To begin, you need to set up the core relayer node. A common approach is using the Gelato Relay SDK or OpenZeppelin Defender for managed services, or running a custom node with Ethers.js and a transaction queue like Bull or Redis. The node must listen for user requests via an API, validate the user's signature on the meta-transaction, apply any business logic (e.g., checking a payment), and then wrap the user's intent in a new transaction signed by the relayer's private key. Security at this stage is critical: the relayer must never have access to the user's private key, only the ability to verify their EIP-712 or EIP-2771 signatures.
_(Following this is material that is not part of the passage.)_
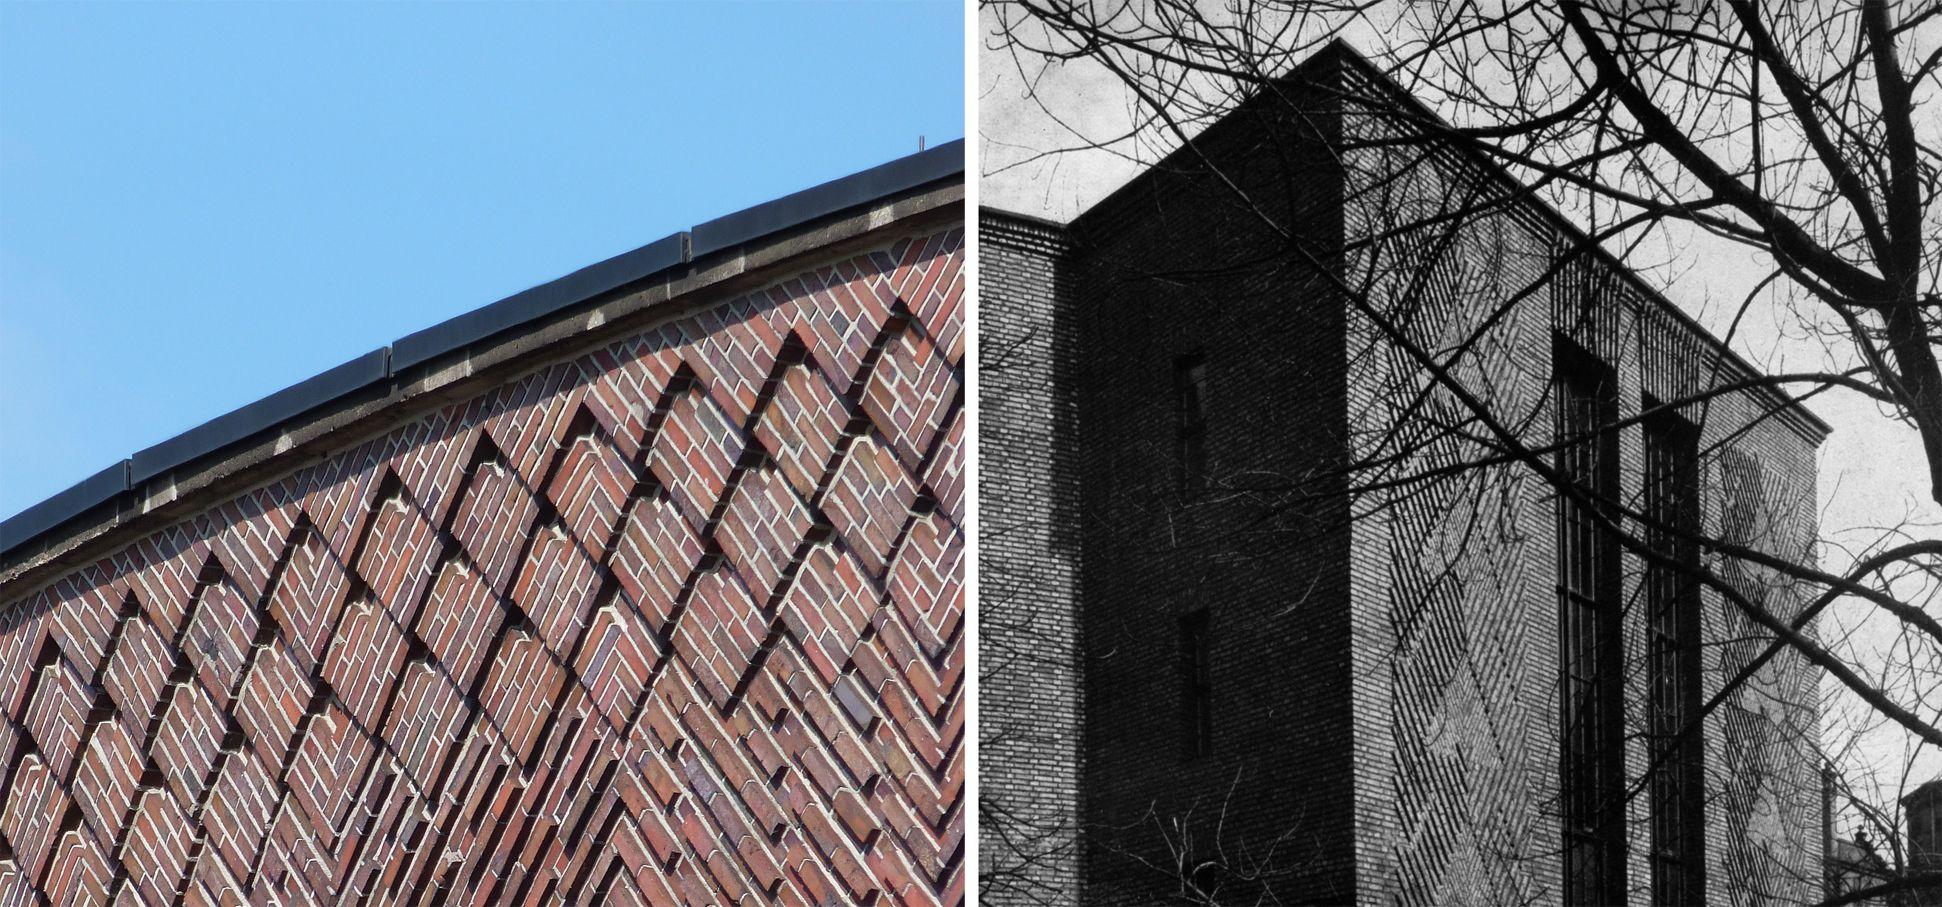 Planetarium VERGLEICHSBEISPIEL: Düsseldorf, Tonhalle, Architekt: Wilhelm Kreis, Detailansicht

Next, configure the funding mechanism. The relayer's signer wallet must hold native tokens (like ETH, MATIC, or AVAX) to pay for gas. For production systems, implement a gas tank strategy with automated replenishment using services like Gelato's 1Balance or a custom smart contract that holds funds. You must also decide on a fee model: will transactions be sponsored by the dApp, paid for by the user in ERC-20 tokens, or use a hybrid model? This logic is handled in your backend before the relayer submits the transaction to the public mempool.
Finally, integrate the network with your dApp. Your smart contracts must be compatible with meta-transactions, often by inheriting from OpenZeppelin's MinimalForwarder or implementing EIP-2771 Context. On the frontend, use libraries like ethers.js v6 or web3.js to create the signed meta-transaction payload and send it to your relayer's secure API endpoint. Monitor your network using tools like Tenderly for transaction simulation and Blocknative for mempool visibility to ensure reliability and quickly debug failed transactions.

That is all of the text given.